Thursday, December 12, 2019

In Defense of the Singular They


Image result for they

This is a text of an email I just sent to Laura Graham, Professor of Legal Writing and Director of Legal Analysis, Writing and Research at Wake Forest University School of Law. The North Carolina Lawyer is a monthly publication of the North Carolina Bar Association. 

I am writing in response to your column in the November 2019 issue of the North Carolina Lawyer.  I am a licensed attorney who has been practicing law in North Carolina since 1982, and I have served as the Director of the Career Development Office at the University of North Carolina School of Law since 2005.

I was deeply (deeply!) disappointed to read your column on the singular they. While you accept the use of the term for non-binary persons (tacitly acknowledging that language changes and the formerly incorrect and ungrammatical can become acceptable and correct), you resist its use when it does not refer to a singular non-binary person (refusing to accept that language changes and the formerly incorrect and ungrammatical can become acceptable and correct). It is, to my mind, and the mind of many others, a plainly outmoded and sexist construction, and defending its use is increasingly, well, indefensible. As quoted in the NPR piece below “When you utter ‘he,’ you always bring a male to mind.” It’s that simple.  

For starters, the use of the singular they in English is not new at all, but has been well-established in both spoken language, and yes, written language too, for centuries. Merriam-Webster, in declaring “they” the word of the year in 2019, noted that “English famously lacks a gender-neutral singular pronoun to correspond neatly with singular pronouns like everyone or someone, and as a consequence they has been used for this purpose for over 600 years.
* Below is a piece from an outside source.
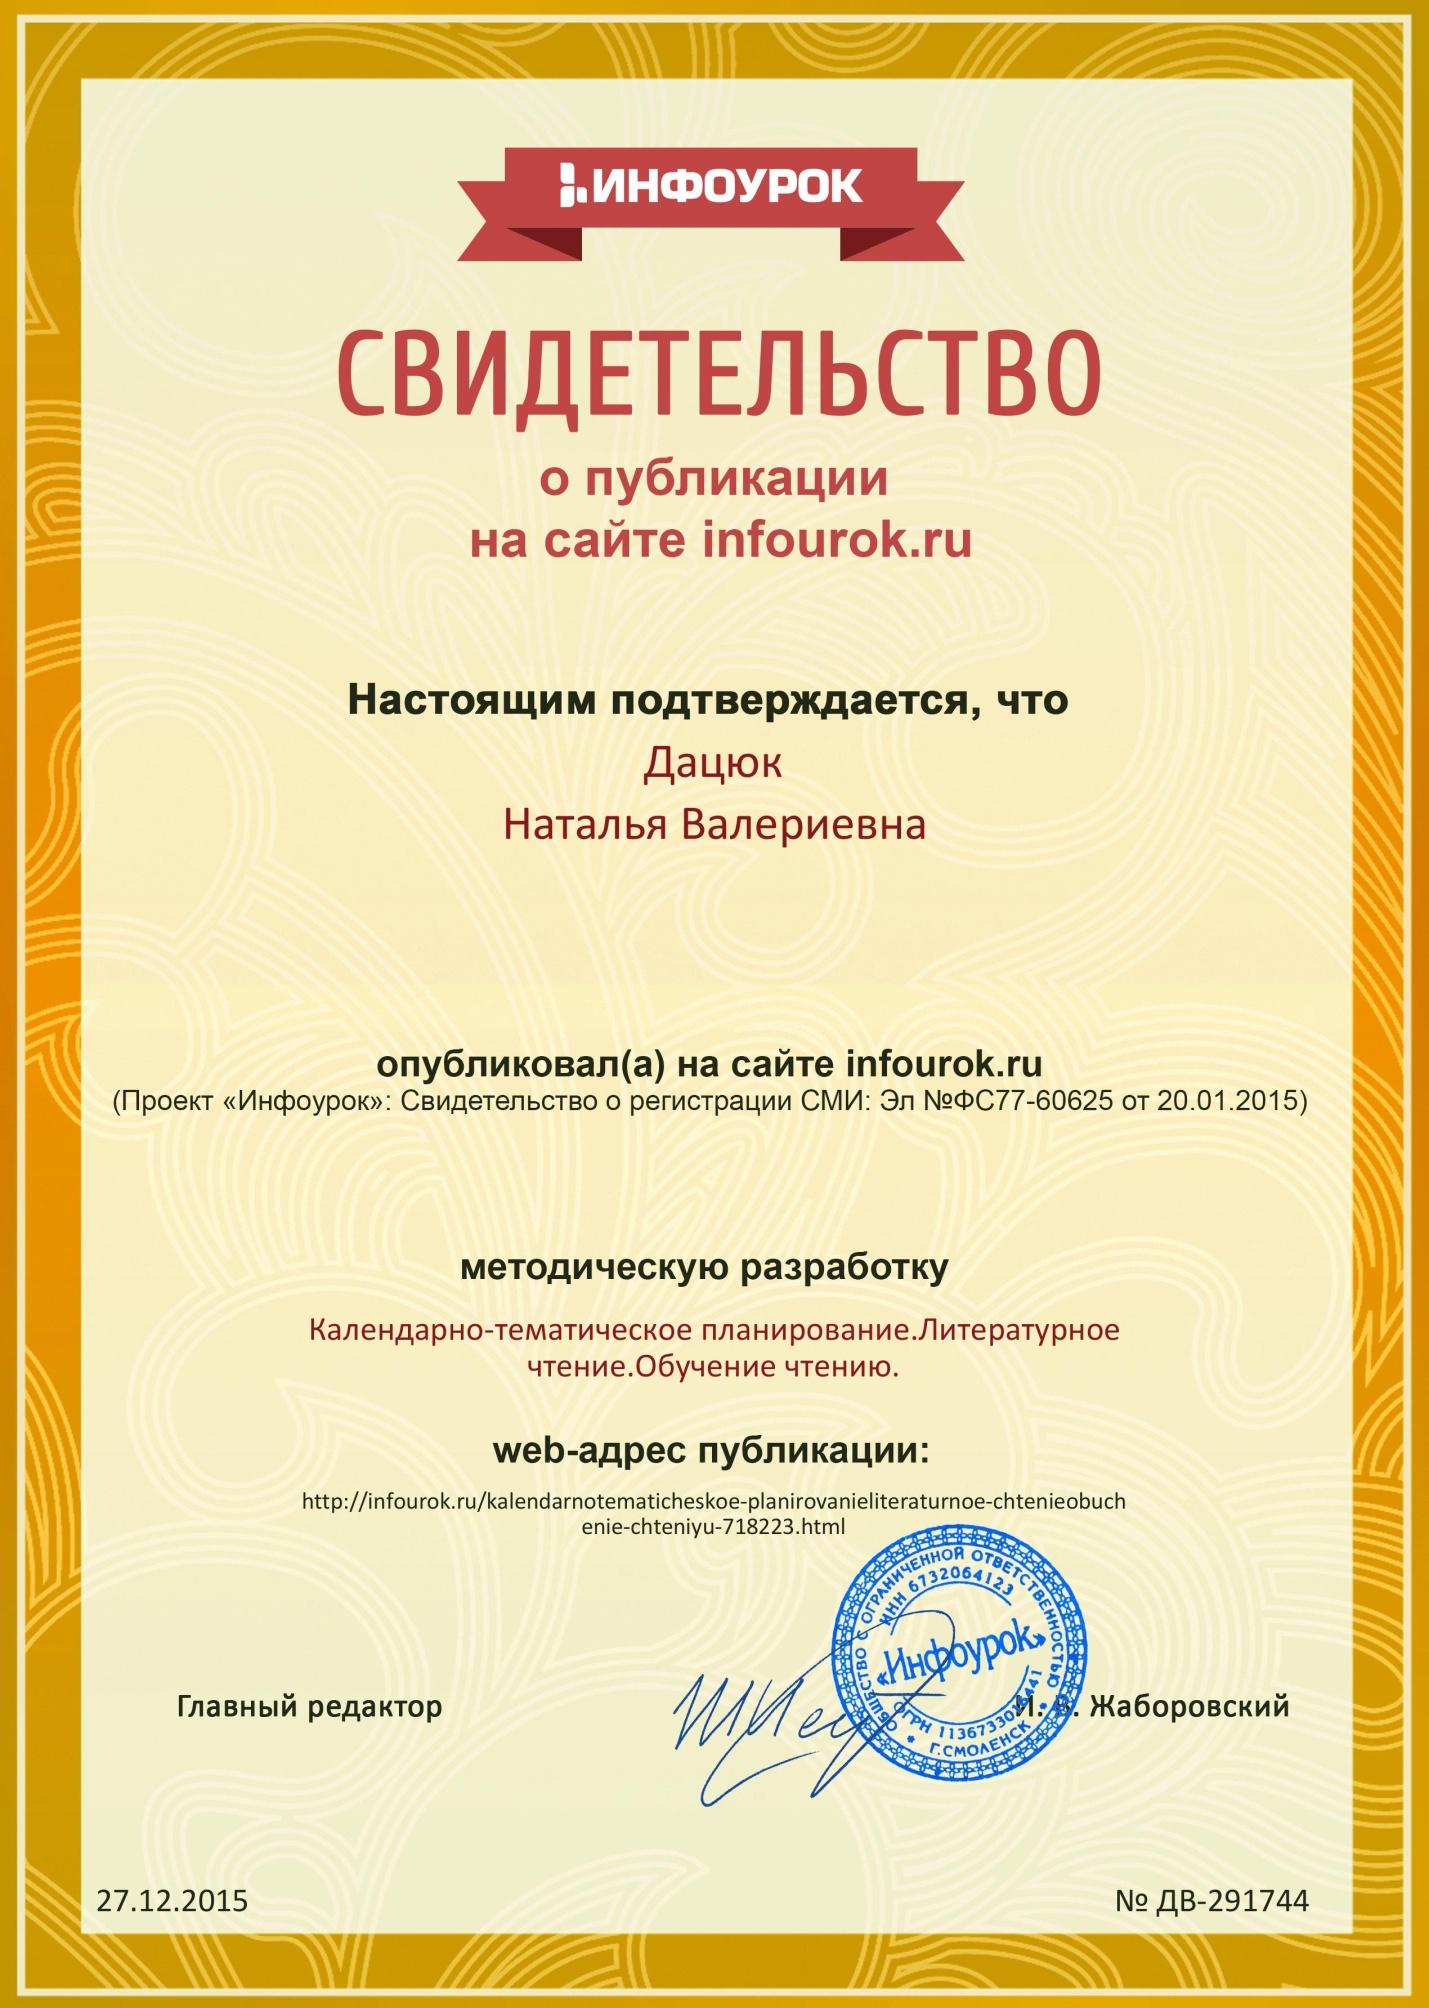 Сертификат проекта infourok.ru № ДВ-291744.jpg
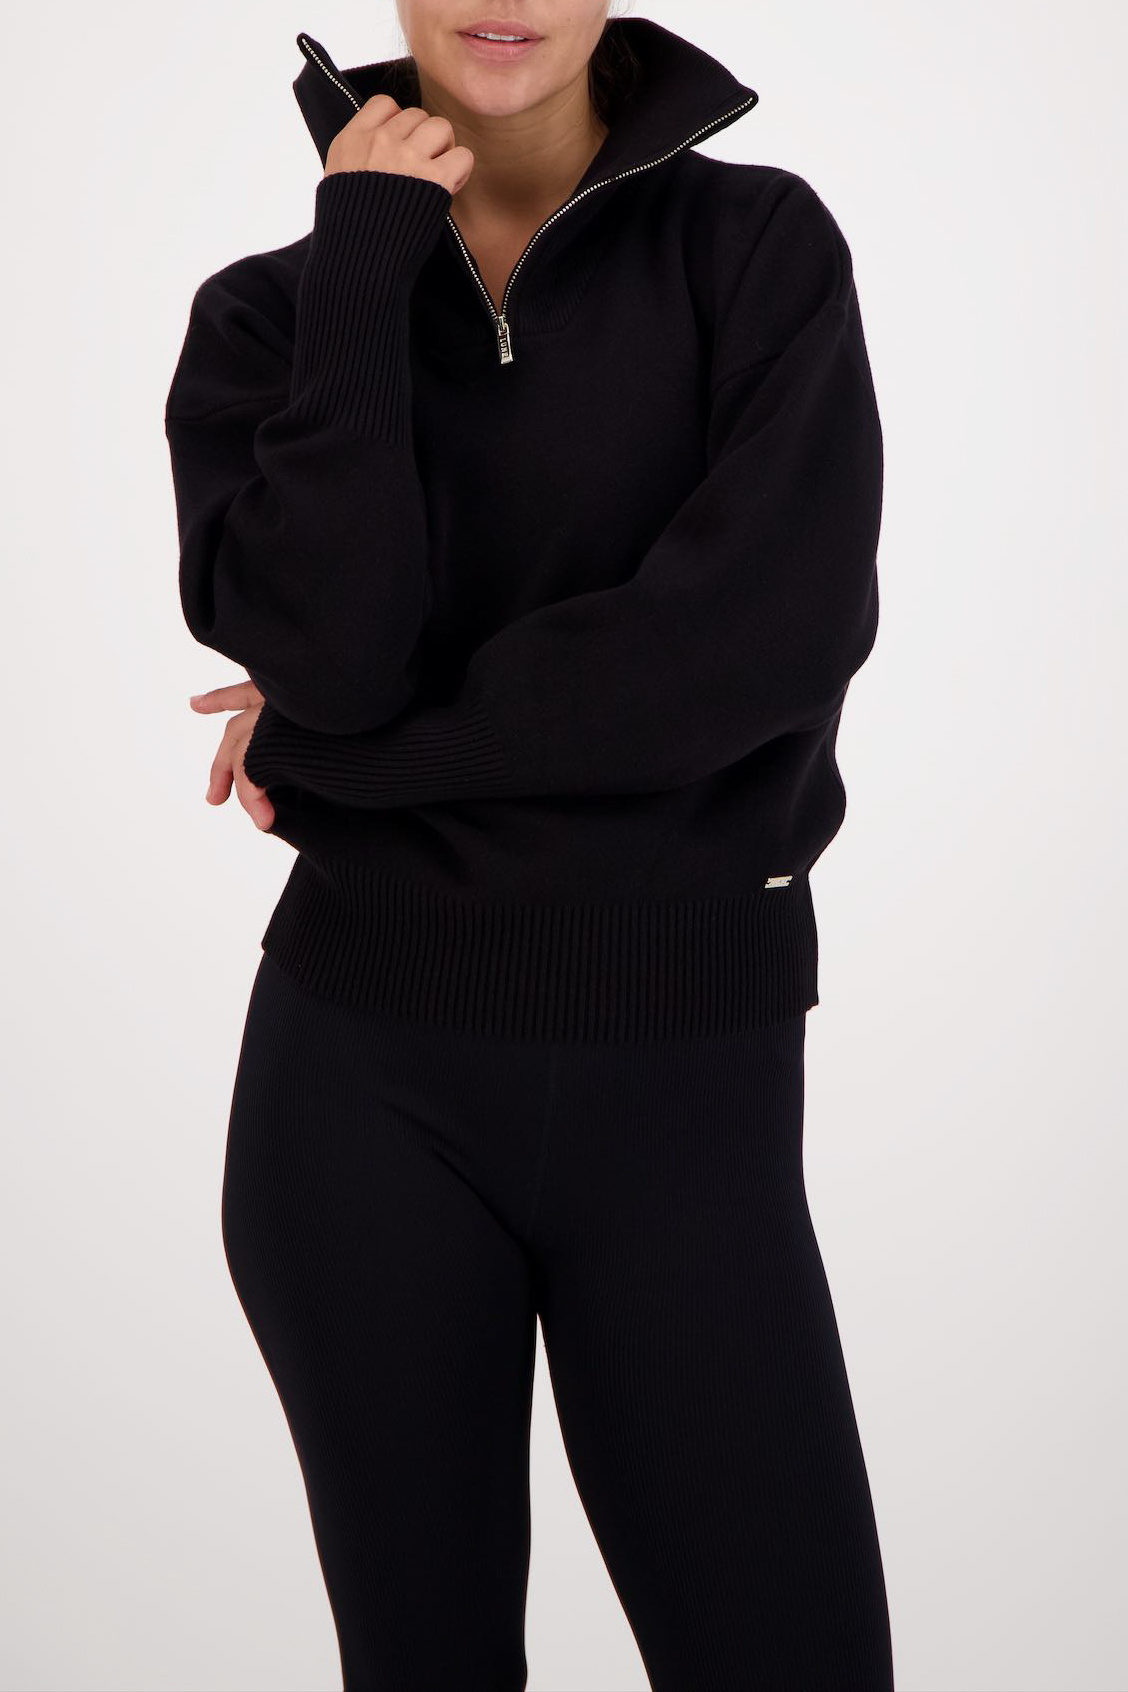 Olly Half-Zip Knit Sweater - Black-1

Although singular they has a long and venerable history both in spoken and written language, as noted by this NPR piece from 2016: “It shows up in Shakespeare, Dickens and George Bernard Shaw. Jane Austen was always saying things like ‘everybody has their failing,’ . . .the Victorian grammarians made it a matter of schoolroom dogma that one could only say "Everybody has his failing," with the understanding that ‘he’ stood in for both sexes” – the masculine embracing the feminine, as it were. The NPR piece has a link to a blog posting which contains a detailed history of the use of the singular they and the resistance thereto, which resistance really got serious during the second wave of feminism – happily in my lifetime! – noting that the prohibition against the generic they

wasn't really discredited until the 1970s, when the second-wave feminists made the generic masculine the paradigm of sexism in language. Male critics ridiculed their complaints as a "libspeak tantrum" and accused them of suffering from "pronoun envy." But most writers now realize that the so-called gender-neutral "he" is anything but. Nobody would ever say, "Every candidate thanked his spouse, including Hillary." When you utter "he," you always bring a male to mind.

My early-morning research on a busy day (would that I had even more time for this important subject) indicates that, as you say a fair number of your colleagues have put it, “the train has left the station” when it comes to the use of the singular they, not only in speech, but in an increasing acceptance in formal writing and style guides.  Yes, a phrase or sentence can sometimes be recast (generally by using the plural) to avoid the singular they, but the only reason to insist that every use of the singular they be recast or rewritten is based upon the belief that the singular they is “wrong” in some sort of immutable way. However, language is not immutable and unchanging, but rather, as the Linguistic Society of America put it in Is English Changing?,  Language is always changing, evolving, and adapting to the needs of its users.”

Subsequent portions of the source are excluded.